A radioactive element` X` converts into another stable elemnet `Y`. Half-life of `X` is `2h`. Initally, only `X` is present. After time `t`, the ratio of atoms of `X` and `Y` is found to be `1:4` Then `t` in hours is .

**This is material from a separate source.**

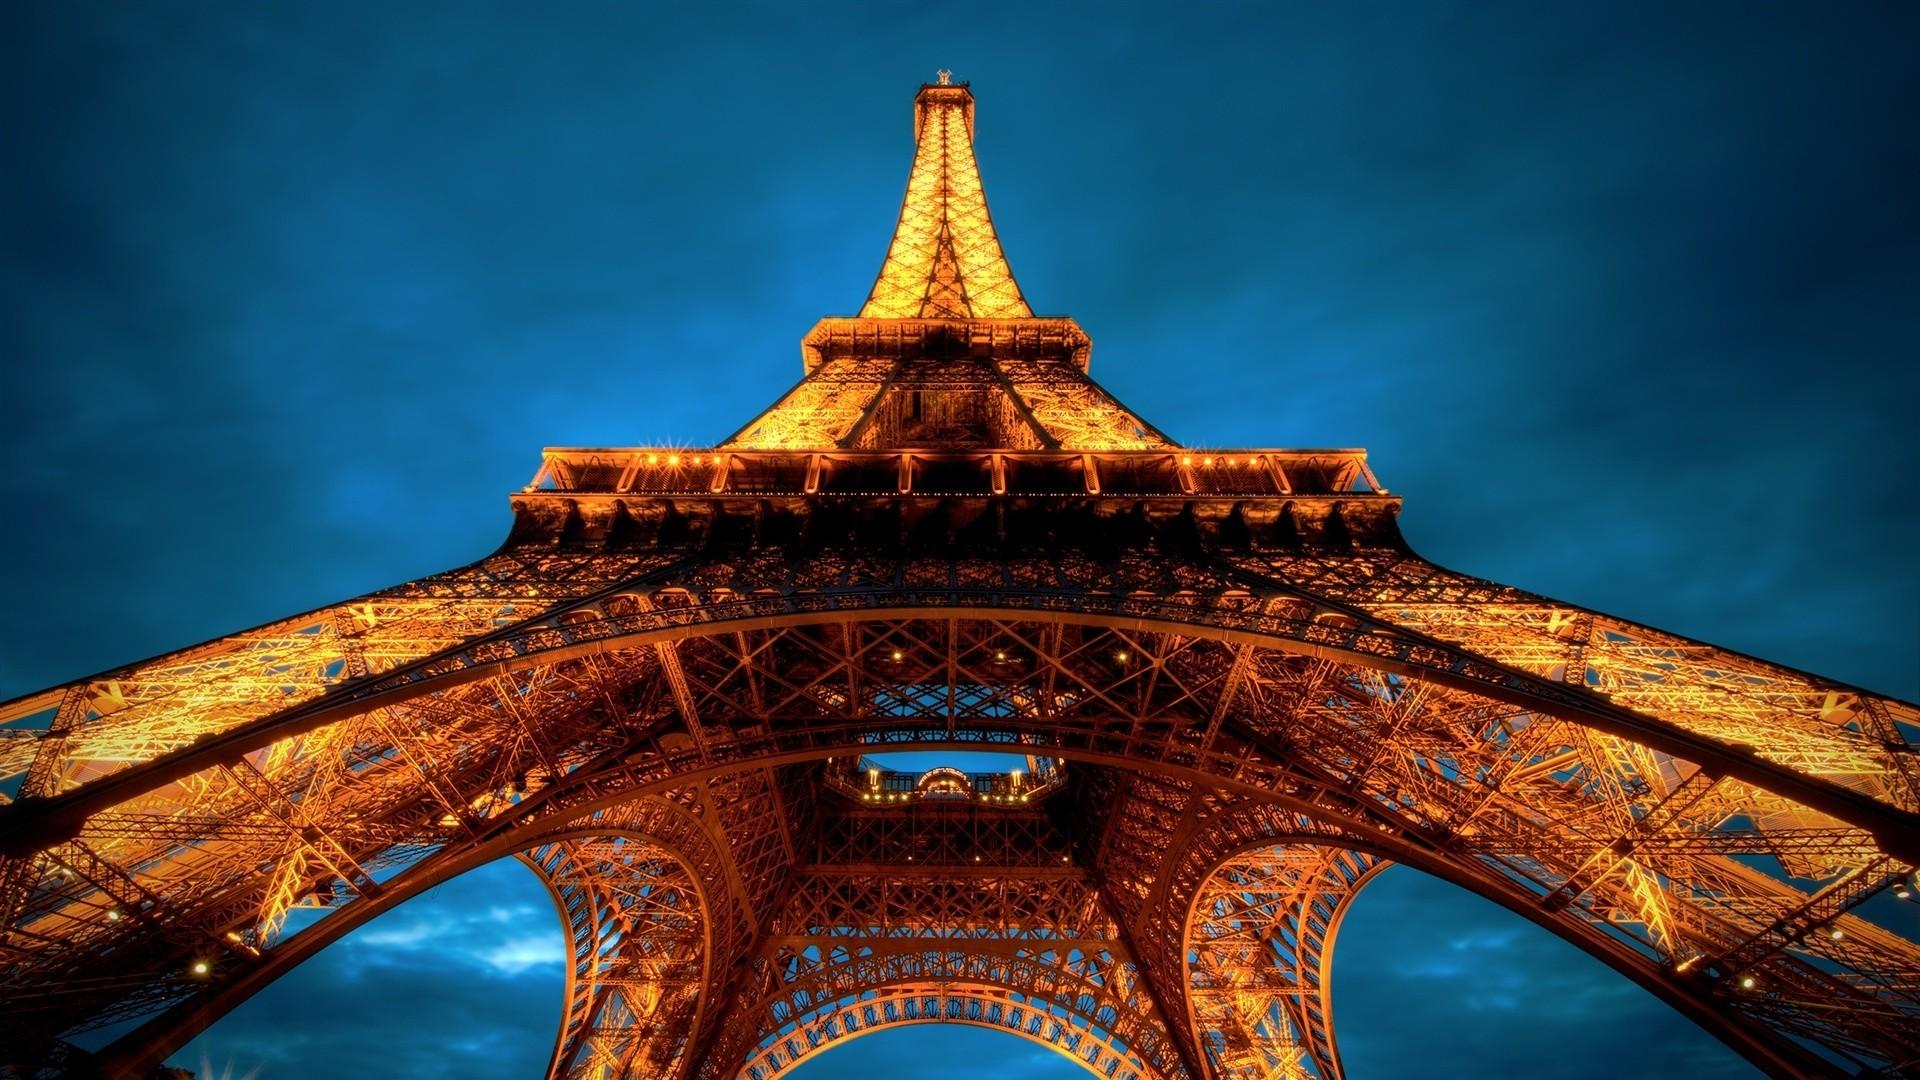 Eiffel Tower hd wallpaper download

To solve the problem, we need to analyze the decay of the radioactive element \( X \) and its conversion into the stable element \( Y \). ### Step-by-step Solution: 1. **Understanding the Half-life**: The half-life of element \( X \) is given as 2 hours. This means that after every 2 hours, half of the remaining atoms of \( X \) will have decayed into \( Y \). 2. **Initial Conditions**: Initially, we have \( n \) atoms of \( X \) and 0 atoms of \( Y \). 3. **After 1 Half-life (2 hours)**: - Remaining atoms of \( X \): \[ X = \frac{n}{2} \] - Atoms of \( Y \) produced: \[ Y = n - X = n - \frac{n}{2} = \frac{n}{2} \] - Ratio of \( X \) to \( Y \): \[ \text{Ratio} = \frac{X}{Y} = \frac{\frac{n}{2}}{\frac{n}{2}} = 1:1 \] 4. **After 2 Half-lives (4 hours)**: - Remaining atoms of \( X \): \[ X = \frac{n}{4} \] - Atoms of \( Y \) produced: \[ Y = n - X = n - \frac{n}{4} = \frac{3n}{4} \] - Ratio of \( X \) to \( Y \): \[ \text{Ratio} = \frac{X}{Y} = \frac{\frac{n}{4}}{\frac{3n}{4}} = 1:3 \] 5. **After 3 Half-lives (6 hours)**: - Remaining atoms of \( X \): \[ X = \frac{n}{8} \] - Atoms of \( Y \) produced: \[ Y = n - X = n - \frac{n}{8} = \frac{7n}{8} \] - Ratio of \( X \) to \( Y \): \[ \text{Ratio} = \frac{X}{Y} = \frac{\frac{n}{8}}{\frac{7n}{8}} = 1:7 \] 6. **Finding the Time for Ratio 1:4**: - We have found that at 4 hours the ratio is \( 1:3 \) and at 6 hours the ratio is \( 1:7 \). - Since the desired ratio \( 1:4 \) lies between these two ratios, we can conclude that the time \( t \) must be between 4 hours and 6 hours. ### Conclusion: Thus, the time \( t \) in hours when the ratio of atoms of \( X \) to \( Y \) is \( 1:4 \) is between 4 and 6 hours.